Rolston Fisher's involvement with the suffragist movement can be traced at least to 1915 when the Evening Star (Washington, D.C.) reported that "Miss Katharine Rolston Fisher of California, a woman voter" had been brought on by Lucy Burns as an assistant editor for The Suffragist. A year later, according to the Washington Herald, she was elected recording secretary of the Washington DC branch of the Congressional Union for Woman Suffrage. For the April 1, 1916 issue of The Suffragist, Rolston Fisher penned an article supporting the strategy of asking women in those states that had granted women the franchise to use their electoral power to elect proponents of federal action. She also was part of the Congressional Union's delegation to the Republican National Convention in Chicago in June 1916. In spring of 1917, Rolston Fisher participated in calls on congressmen to lobby for suffrage.

The September 22, 1917 issue of The Suffragist features a photo of Rolston Fisher holding an empty pole after the banner she and another picketer had been holding had been torn away by a group of sailors. The picket in question on September 13, 1917 had also resulted in Rolston Fisher's arrest. Along with five other demonstrators, she received a sentence of thirty days in the workhouse at Occoquan.

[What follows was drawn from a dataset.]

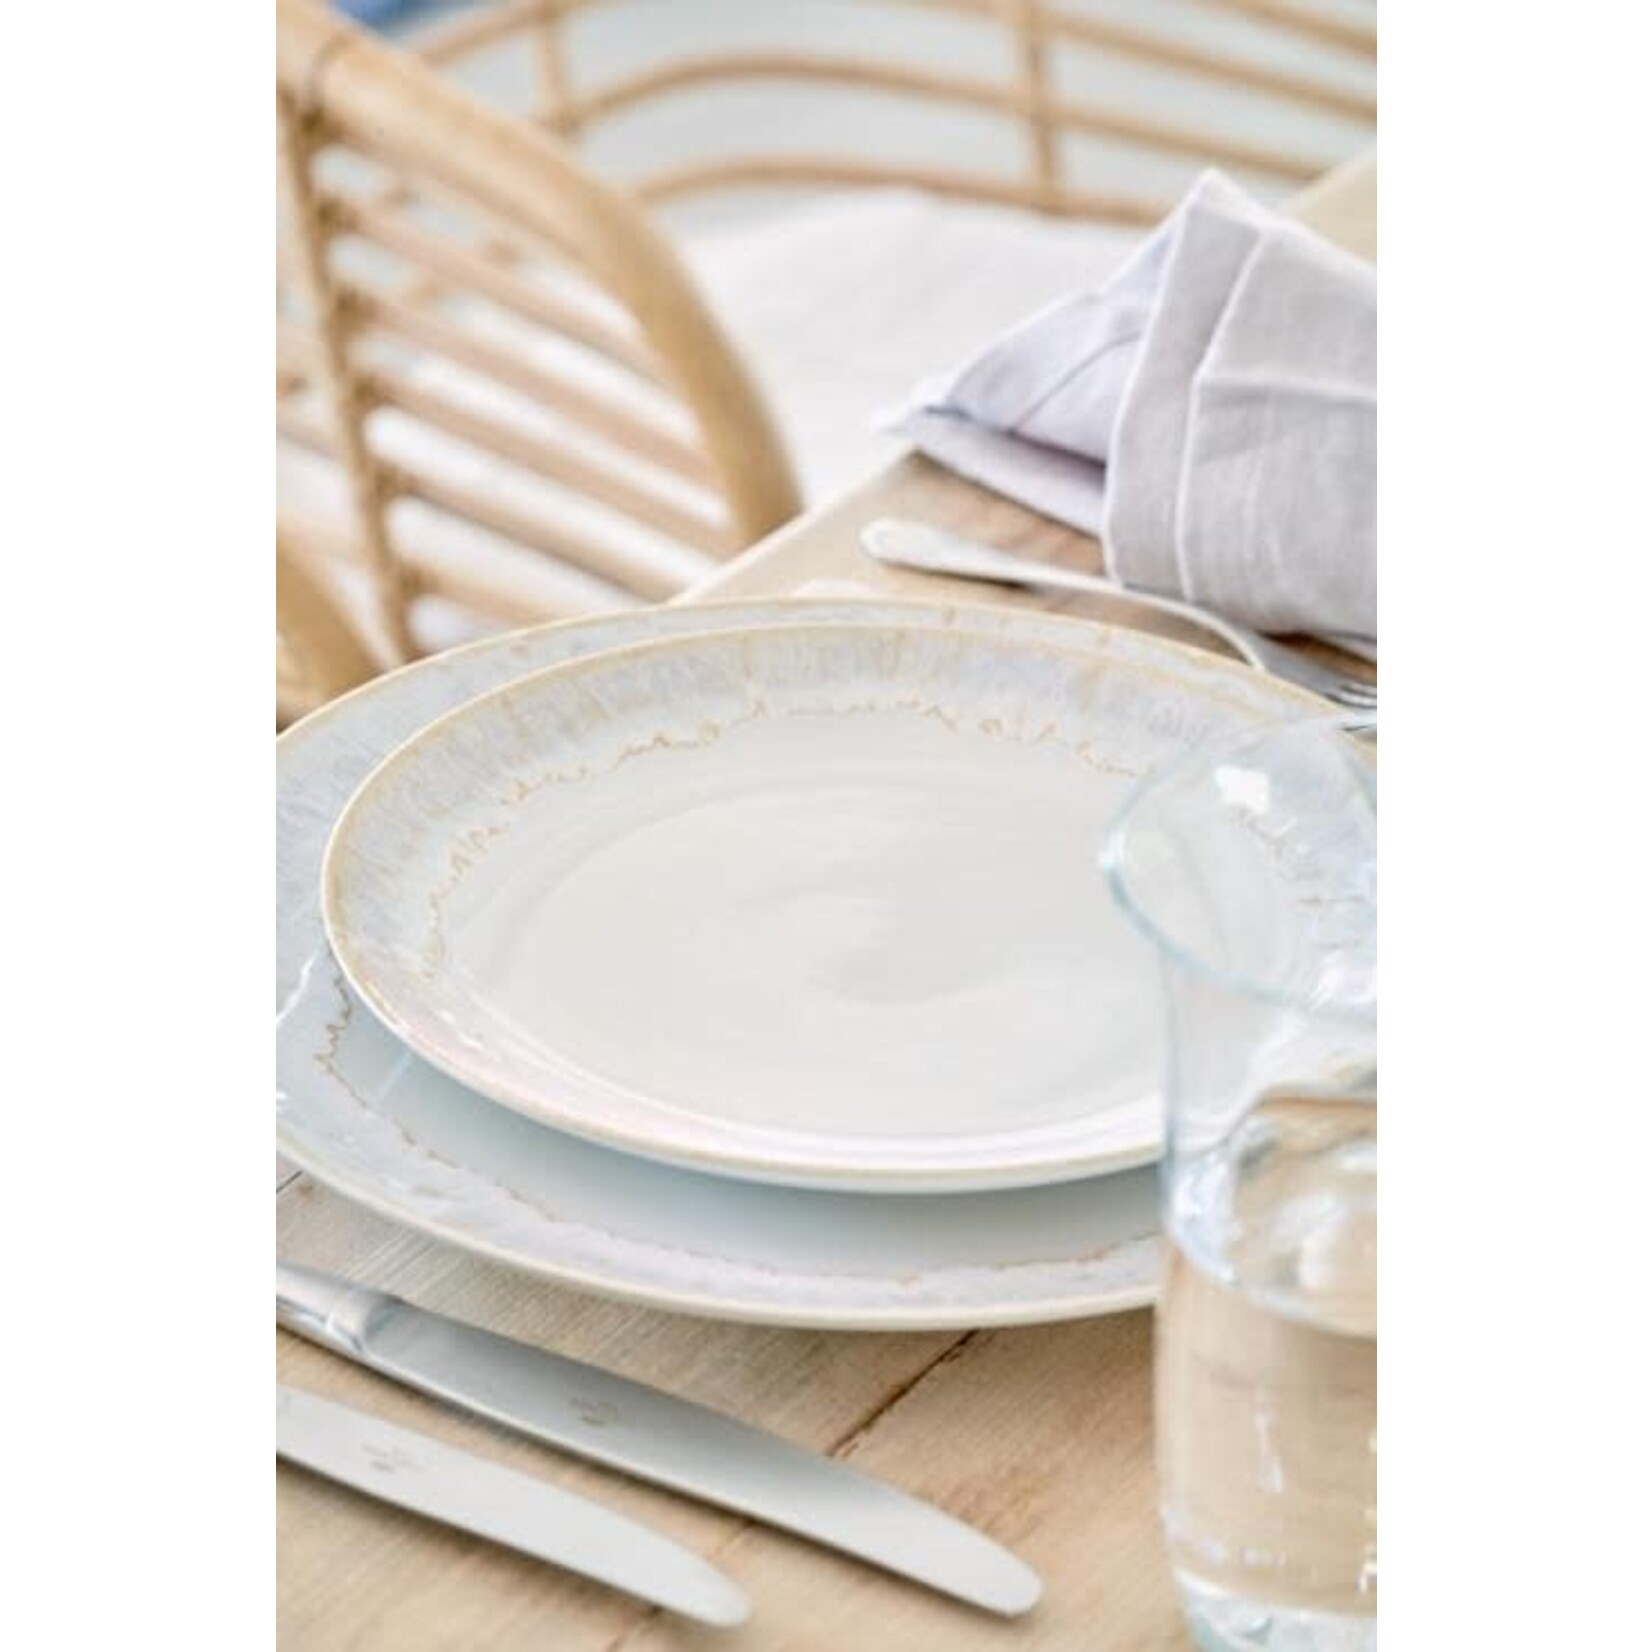 CASAFINA LIVING Taormina Dinner Plate, White
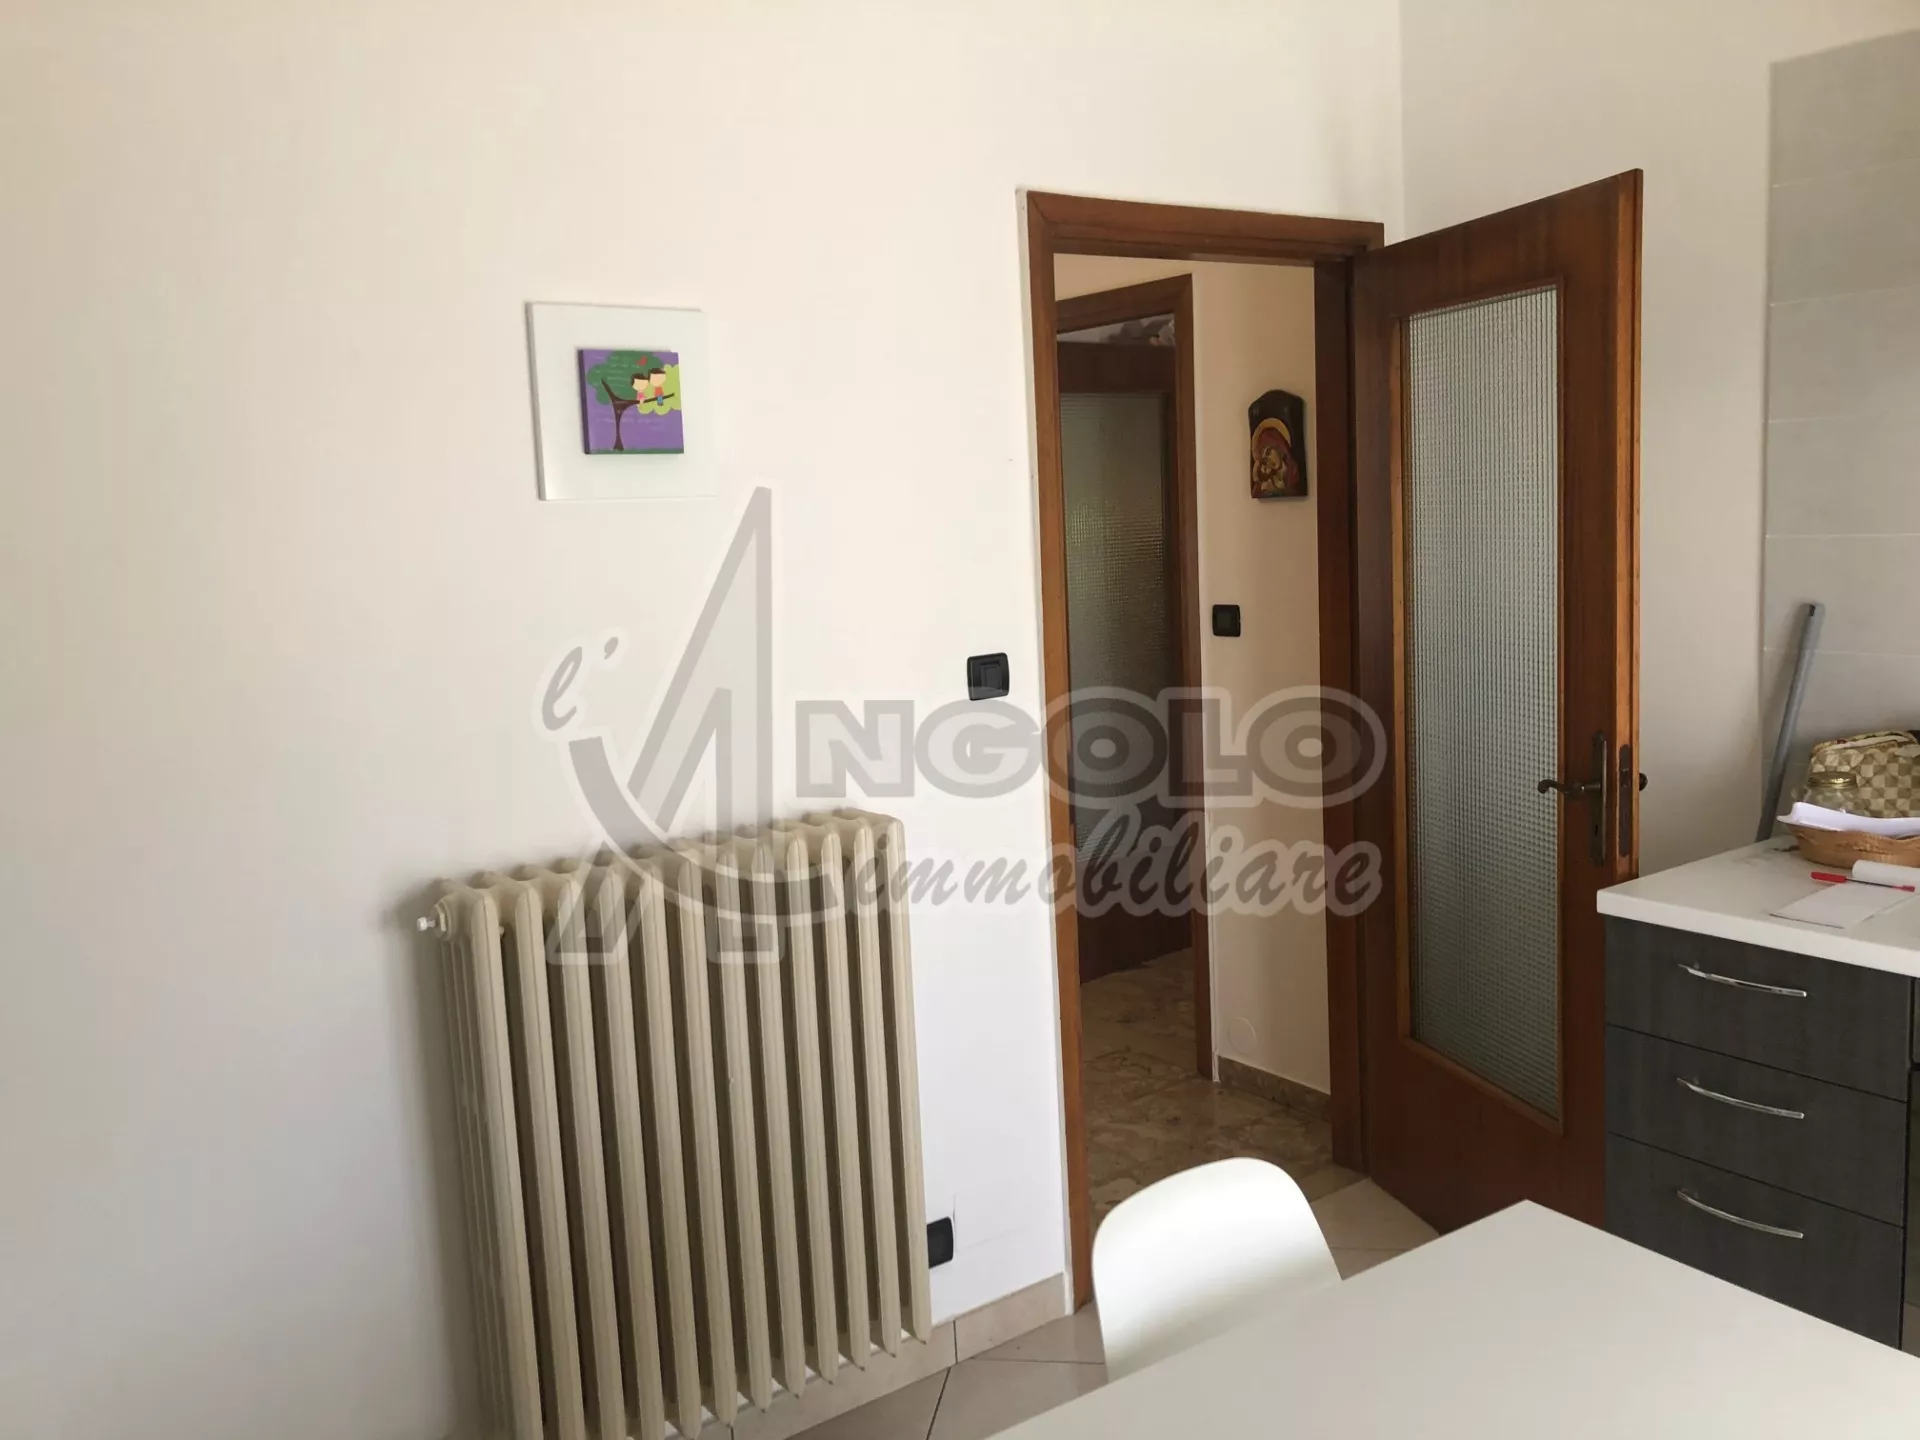 Immagine per Appartamento in vendita a Occhiobello via Trento 30

Rolston Fisher played an important role in publicizing the poor treatment of prisoners in the workhouse; while still in prison, she began to spread word of rotten food, proximity to prisoners with infectious diseases, pressure to perform manual labor while undernourished, withholding of mail, and denial of visits with counsel. As she would write in "From the Log of a Suffrage Picket," "We learned what it is to live under one-man law. The doctor's orders for our milk and toast and even for our medicines were countermanded by the superintendent, so we were told." Based on her time in Occoquan, Rolston Fisher also penned the poem "The Empty Cup" describing the harsh treatment of suffragist leader Lucy Burns.

The US Census of 1920 placed Rolston Fisher in residence at the 'Suffragist House' (NWP headquarters) at 14 Jackson Place, Washington, D.C. and listed her profession as a government clerk. According to Doris Stevens, she worked at the U.S. War Risk Bureau. In or around 1923, she wrote a pamphlet "Lucretia and Elizabeth, London 1840-Seneca Falls 1848," a copy of which can be found in the Library of Congress Special Collections. Rolston Fisher continued to reside in Washington, D.C. for the next twenty odd years while working variously as an author and bibliographer.

Selected Sources:

Adams, Katherine H. and Keene, Michael L., Alice Paul and the American Suffrage Campaign (Urbana: University of Illinois Press, 2008)

"Edith Goode is Suffrage Head," Washington Herald, June 25, 1916, p. 7.

"Her Woe a Secret, Girl Tries to Die," New York World, July 9, 1902.

"Plan of Suffragists to Petition Congress," Evening Star, September 9, 1915, p. 22.

Rolston Fisher, Katharine, "Concerning Appeals," The Suffragist, April 1, 1916, p. 7.

Rolston Fisher, Katharine, "From the Log of a Suffrage Picket," The Suffragist, October 13, 1917, p. 9.

Rolston Fisher, Katharine, "The Empty Cup," The Suffragist, October 17, 1917, p. 8

Stevens, Doris, Jailed for Freedom (rev. ed), ed. Clare O'Hare (Troutdale, OR: NewSage Press, 1995)

"Portrait of Katharine Rolston Fisher, n.d.," National Women's Party Records, Library of Congress Manuscript Division, container I:150.